Корни наконец были увлажнены, содержавшиеся в них лактоны превратились в эмульсию, после чего полученную массу положили на лист блестящей коры гибискуса и принялись заворачивать в него массу. Полученный сверток продолжали закручивать с обеих сторон, сдавливая массу все сильнее, до тех пор пока с концов свертка не потекло сакау. Сок аккуратно собрали в скорлупу кокосового ореха и поднесли мне. Вид напитка был тошнотворен – серая, мутная, вязкая жидкость. Но, вспомнив о ее духовном воздействии, я опорожнил скорлупу. Проглотить жидкость оказалось на удивление легко, она проскочила внутрь, словно устрица, вызвав легкое онемение губ.
Потом из свертка выдавили еще сакау и поднесли вторую чашу Кнуту, который принял ее, как положено по ритуалу – скрестив руки и подняв кверху ладони, – а затем залпом осушил чашу. Сосуд опустошали и наполняли шесть раз, передавая чашу всем по очереди. Когда чаша вернулась ко мне, сакау стало явно жиже, о чем я нисколько не жалел, потому что на меня снизошло такое расслабление, что я был теперь не в состоянии подняться, и мне пришлось буквально прирасти к стулу. Такое же состояние, по-видимому, охватило и моих спутников – но мы ожидали подобного эффекта и продолжали спокойно сидеть на приготовленных для нас стульях.
Венера уже поднялась высоко над горизонтом и ярко светила на фоне чернильно-фиолетового неба. Кнут, сидевший рядом со мной, называл светившие над нашими головами звезды: Полярную звезду, Вегу и Арктур. «Этими звездами, – сказал Боб, – полинезийцы пользовались, когда плыли на своих проа под небесным сводом». Чувство сопричастности к их путешествиям, к пяти тысячам лет путешествий, переполняло меня. Я всем существом ощутил историю полинезийцев; их историю, снизошедшую на всех нас, сидевших лицом к океану. Мы воспринимали Понпеи как корабль – жилище Мэй представлялось нам гигантским фонарем, а скалистый выступ, на котором стоял дом, виделся нам носом огромного судна. «Какие они отличные парни! – думал я, глядя на моих спутников. – Бог – на небесах, и все прекрасно в этом мире!»
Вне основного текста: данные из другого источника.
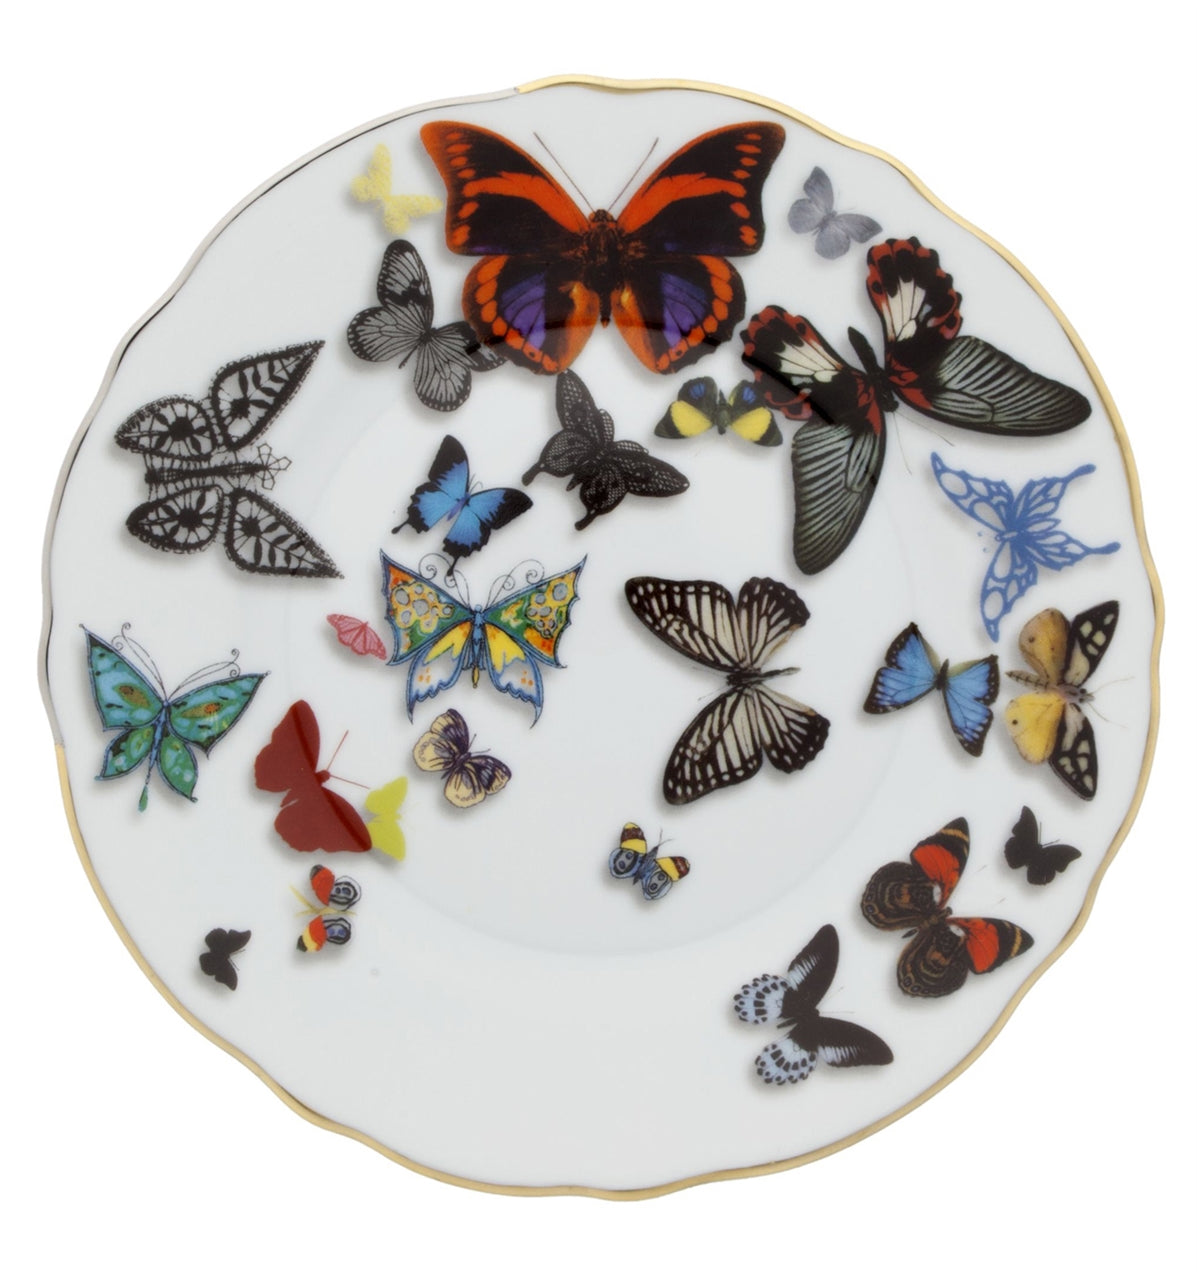 Christian Lacroix - Butterfly Parade - Bread and Butter Plate

Пораженный этими елейными мыслями, столь нехарактерными для моего беспокойного пытливого ума, я вдруг понял, что мое лицо расплывается в мягкой туповатой улыбке, и, взглянув на моих спутников, понял, что такая же улыбка прилипла и к их лицам. Только тогда до меня дошло, что мы все словно окаменели, но окаменели сладко, мягко и стали, если можно так выразиться, ближе к своей подлинной сущности.
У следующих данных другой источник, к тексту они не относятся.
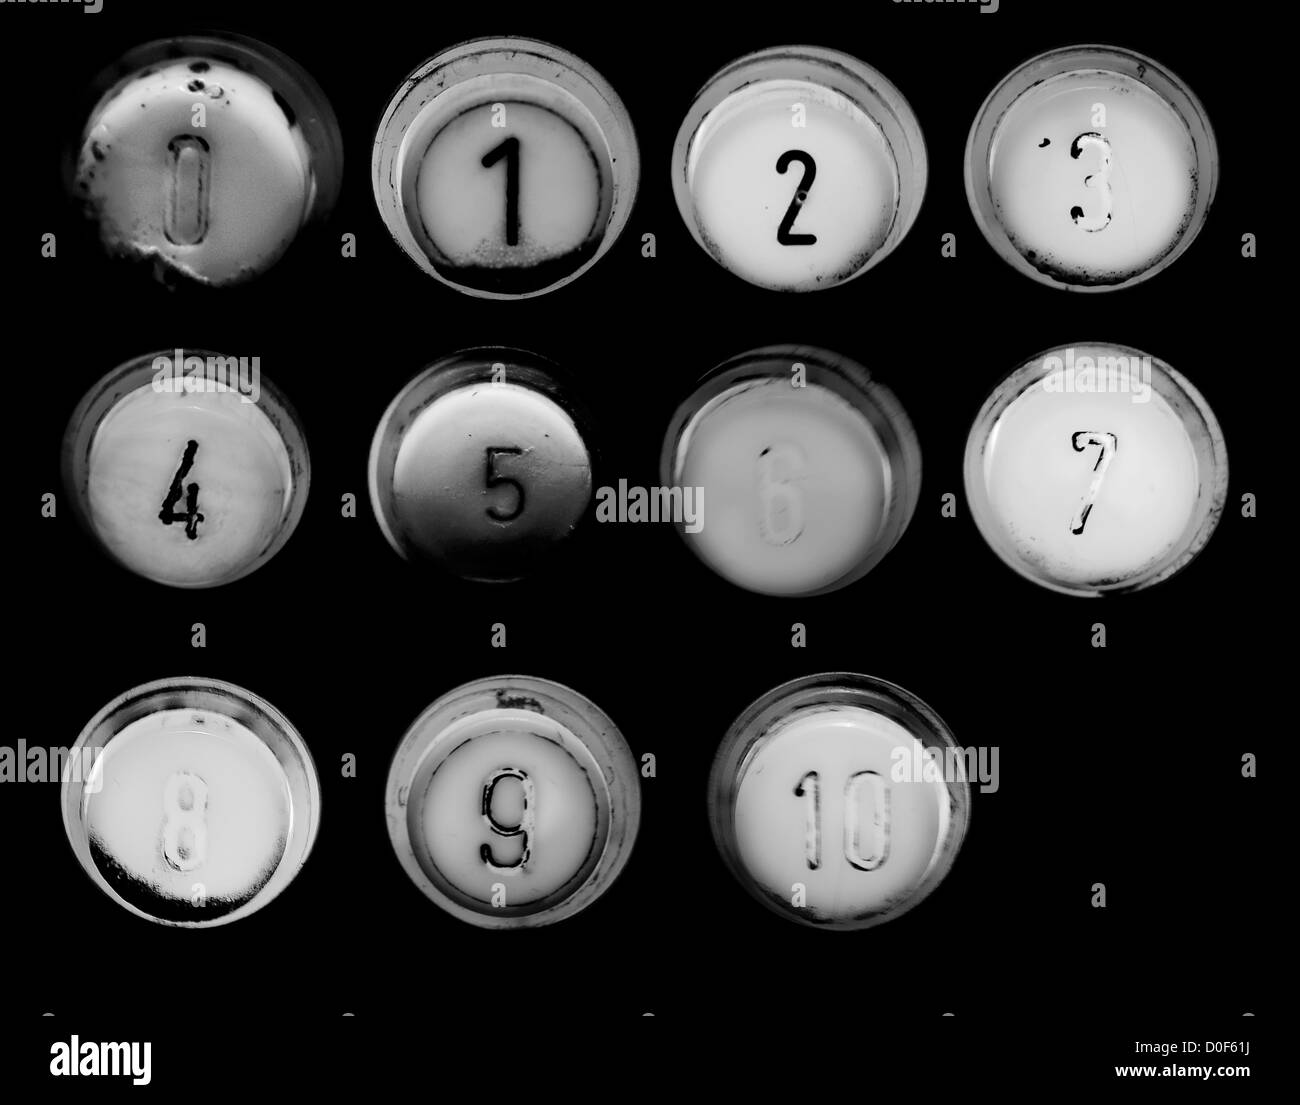 Elevator button panel Black and White Stock Photos & Images - Alamy

Я снова уставился в небо и вдруг понял, что с ним происходит что-то неладное. Вместо того чтобы видеть звезды на небе, я увидел, что это небо висит на звездах, и мне стало ясно, что я вижу нарисованную когда-то Джойсом картину «небесного древа звезд со свисающими влажными иссиня-черными плодами»48. Потом, спустя всего лишь секунду, небо приняло обычный, привычный вид. Я решил, что в моей зрительной коре происходит что-то странное, какой-то сдвиг восприятия, странная перестановка – задний план сместился вперед, а фасад убрался на второй план. Но может быть, это был сдвиг более высокого порядка, нечто концептуальное или метафорическое? Теперь небо казалось мне полным стреляющих звезд – наверное, это было отражением сильного возбуждения коры. И в этот момент Боб вдруг сказал: «Смотрите, я вижу стреляющие звезды!» Реальность, метафора, иллюзия, галлюцинация, кажется, растворились друг в друге и слились в нечто единое.
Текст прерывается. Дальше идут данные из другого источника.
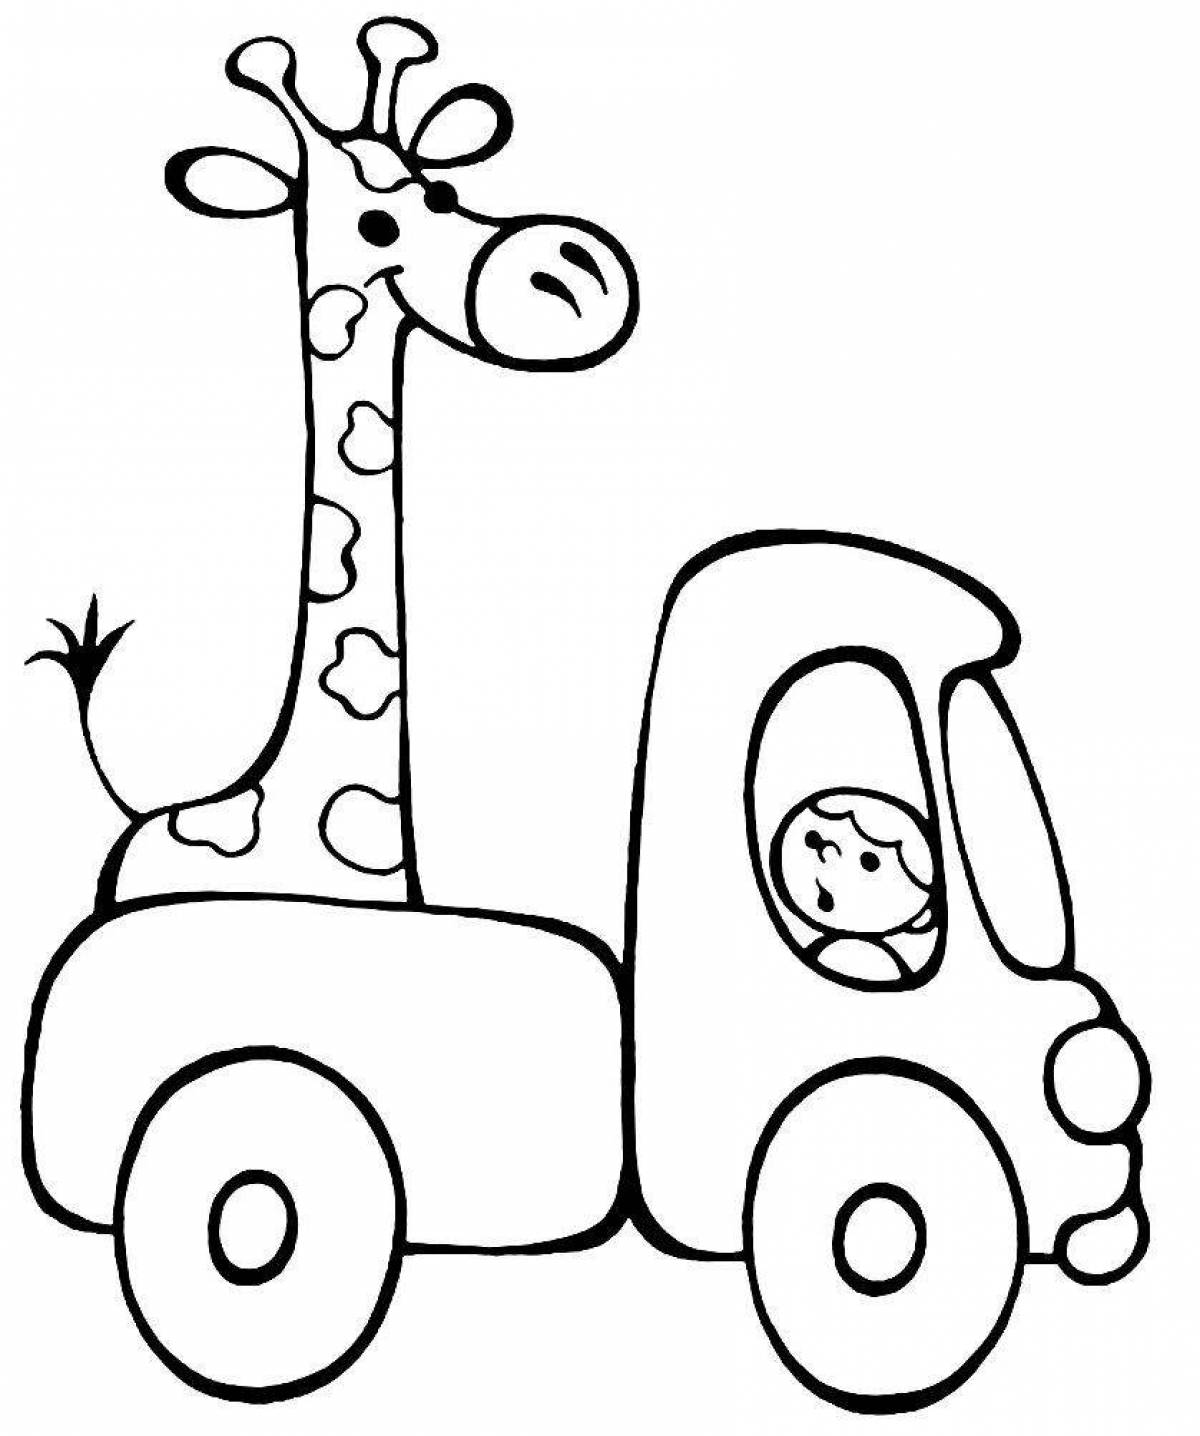 Amazing coloring pages 2 for boys

Я попытался встать, но не смог. Все мое тело онемело, и это онемение продолжало усиливаться. Сначала появилось покалывание в языке и губах, а потом я перестал чувствовать конечности. Я не мог сообразить, где они находятся, и был совершенно неспособен двигаться. Испытав мимолетную тревогу, я отдался новому ощущению, которое без его понимания было пугающе неподконтрольным, но принятое и осознанное, показалось мне восхитительным, как парение в воздухе. «Чудесно! – подумал я, вспомнив о своей профессии невролога. – Раньше я только читал об этом, а теперь испытал на своей шкуре. Я не чувствую даже легчайшего прикосновения, у меня отсутствует даже проприоцептивная чувствительность – должно быть, так выглядит полная деафферентация». Мои друзья неподвижно возлежали в креслах, тоже, видимо, паря в воздухе. Но, может быть, они уже спали.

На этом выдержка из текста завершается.